Wednesday, February 4, 2026

Outline of what to write up for notes for an AAC evaluation

I've been recently asked for what I wrote up and shared for my AAC evaluation. The answer is a lot. I went through every last detail I thought possibly might be relevant and wrote it down ahead of time so that it was already available.

I find this both a really helpful method of preparing for an appointment in general because it makes me think about things ahead of time, and for more stressful appointments having things written out and printed out makes it a lot more accessible communication wise, because I can just pass over the documents and point out answers rather than need to remember in the moment things to say. I can spend days or weeks or months preparing what needed written up ahead of time. I can give myself all the preparation time I need. For an AAC evaluation I quite literally spent months preparing the relevant document. Giving myself that time let me put together what was best for me.

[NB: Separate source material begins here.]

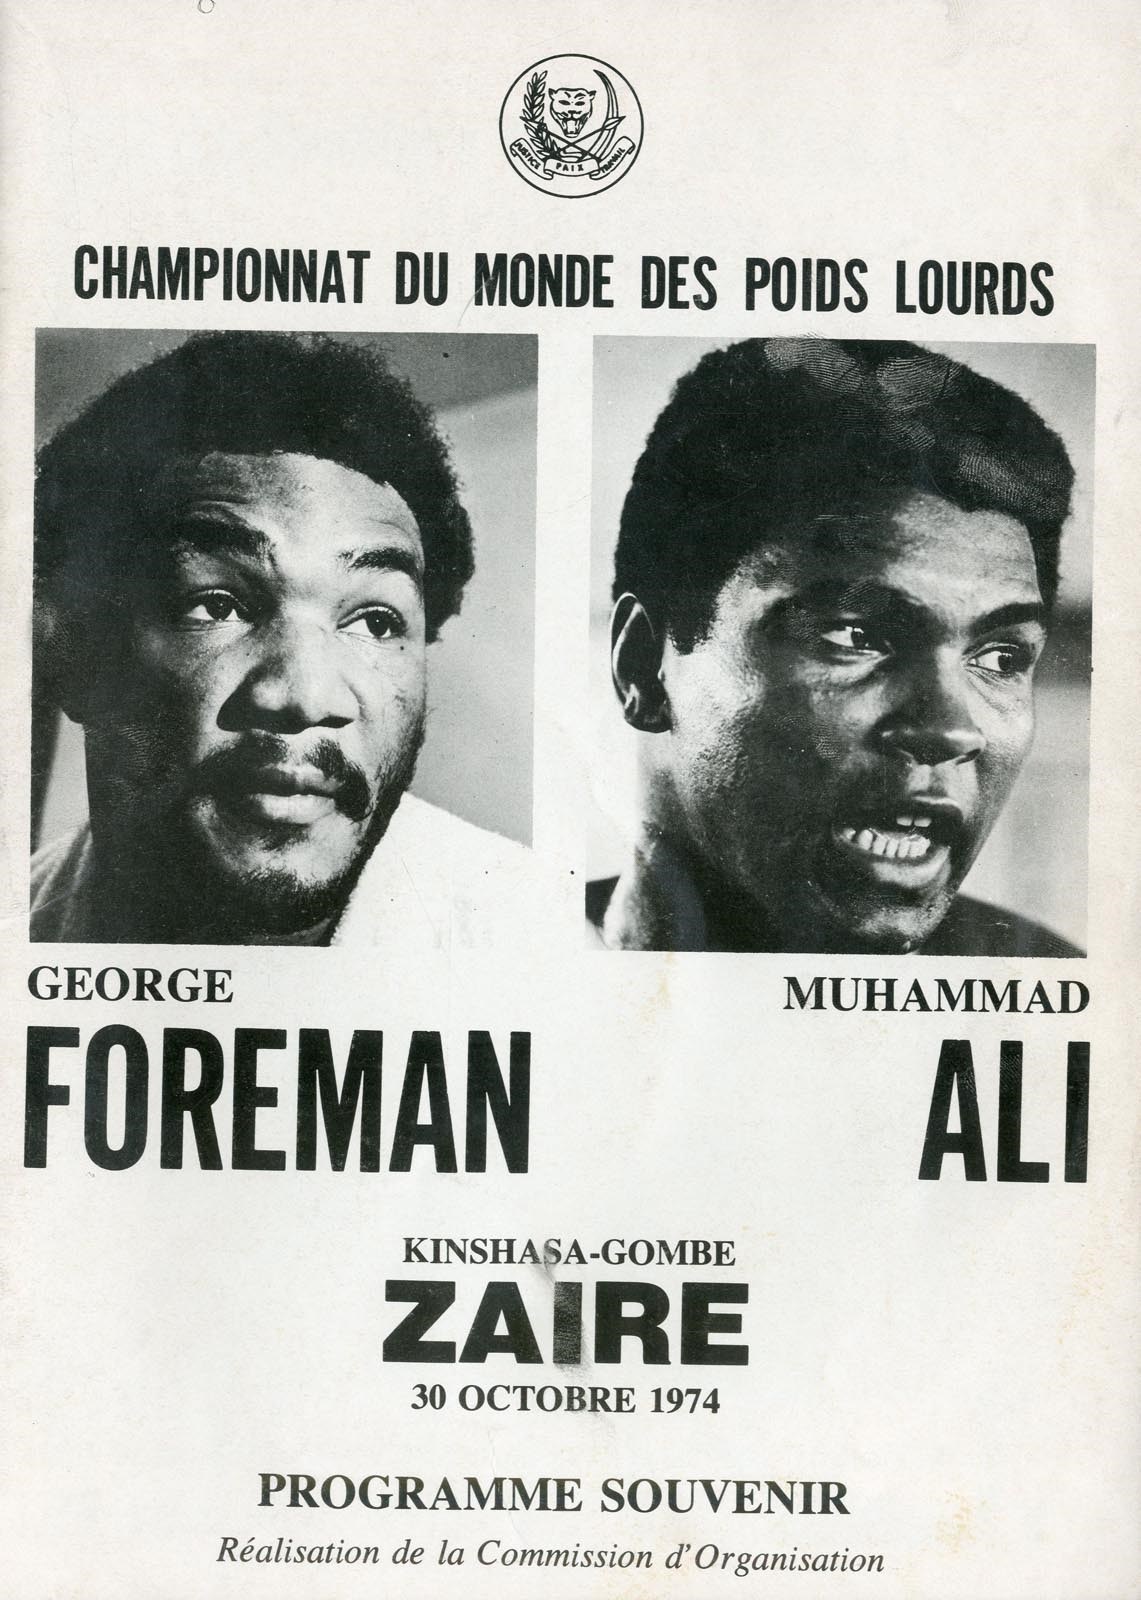 Best of the Best - 1974 Muhammad Ali vs. George Foreman "Rumble in the Jungle" On-Site Program
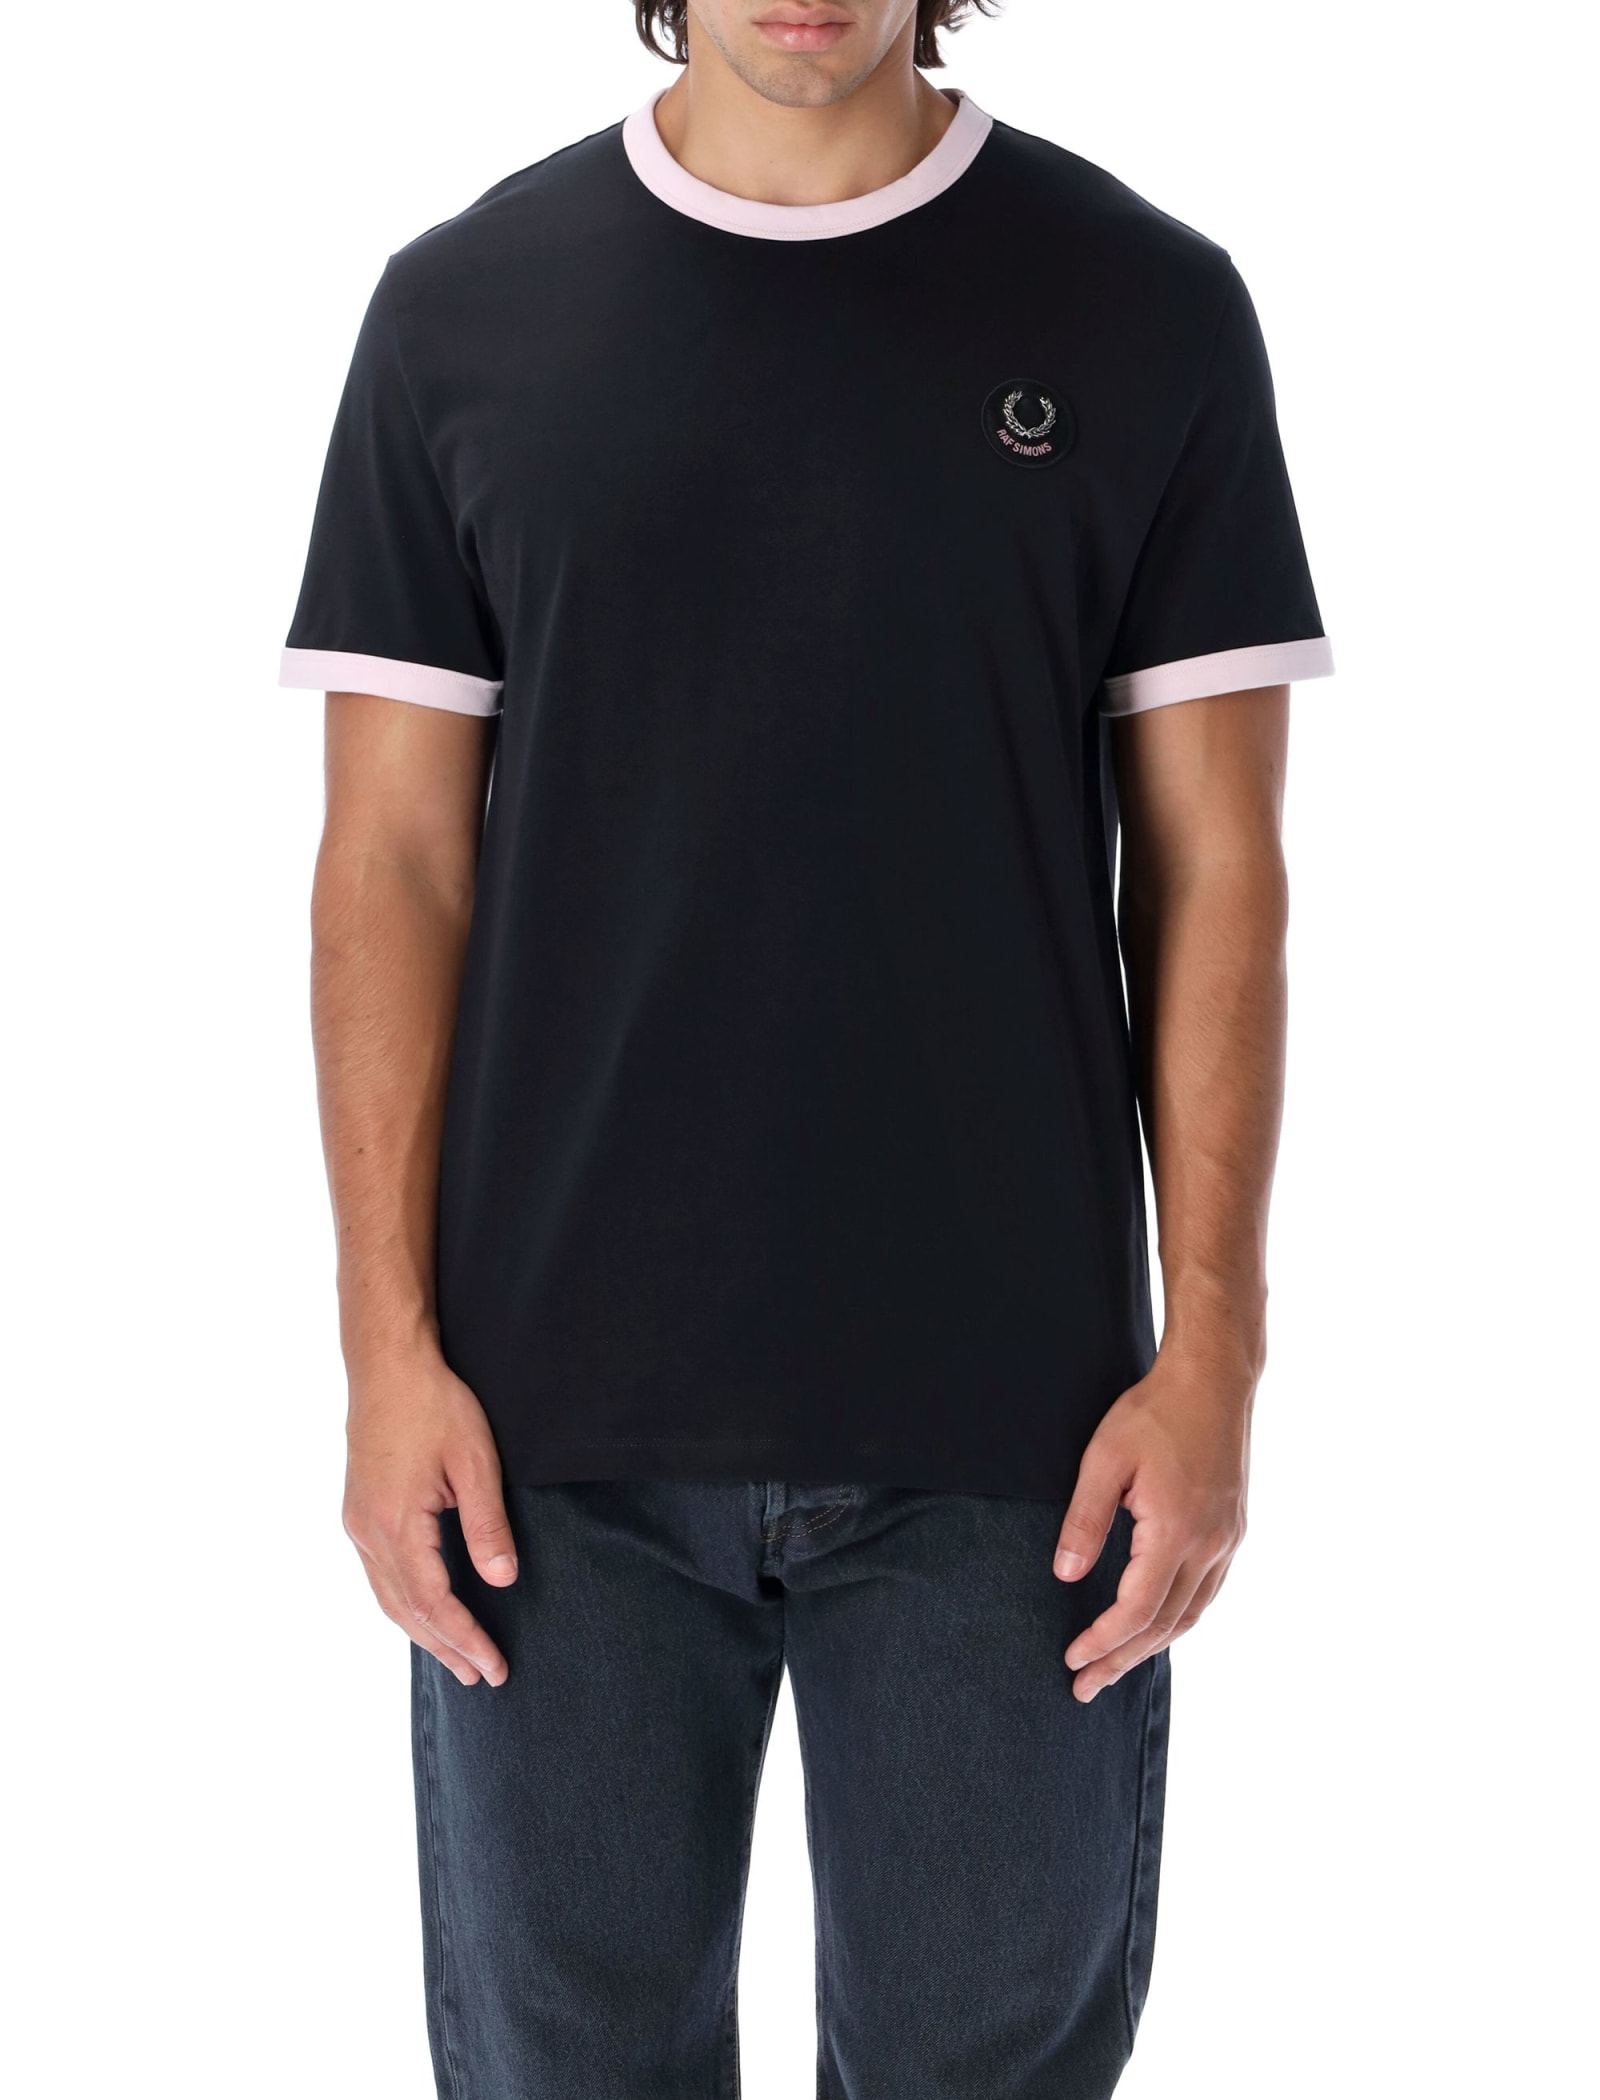 Fred Perry by Raf Simons Contrast Trim T-shirt

I've found as long as its well organized a lot of doctors appreciate this - but that the organization really matters, because they want to be able to skim, flip, and get an answer fast, not have to read all of 10 pages or whatever that was written. If they only end up reading less than a page of 25 pages that was written it might still be incredibly valuable, but it comes down to knowing the right page across those 25 pages.

That said I put together my outline for what to have for notes to prepare for an AAC evaluation to have available for an SLP. Each of these sections was well separated, with clear headers, even in subsections splitting things up smaller than these that are so specific to my situation that its not helpful to share. Lists are also frequently helpful.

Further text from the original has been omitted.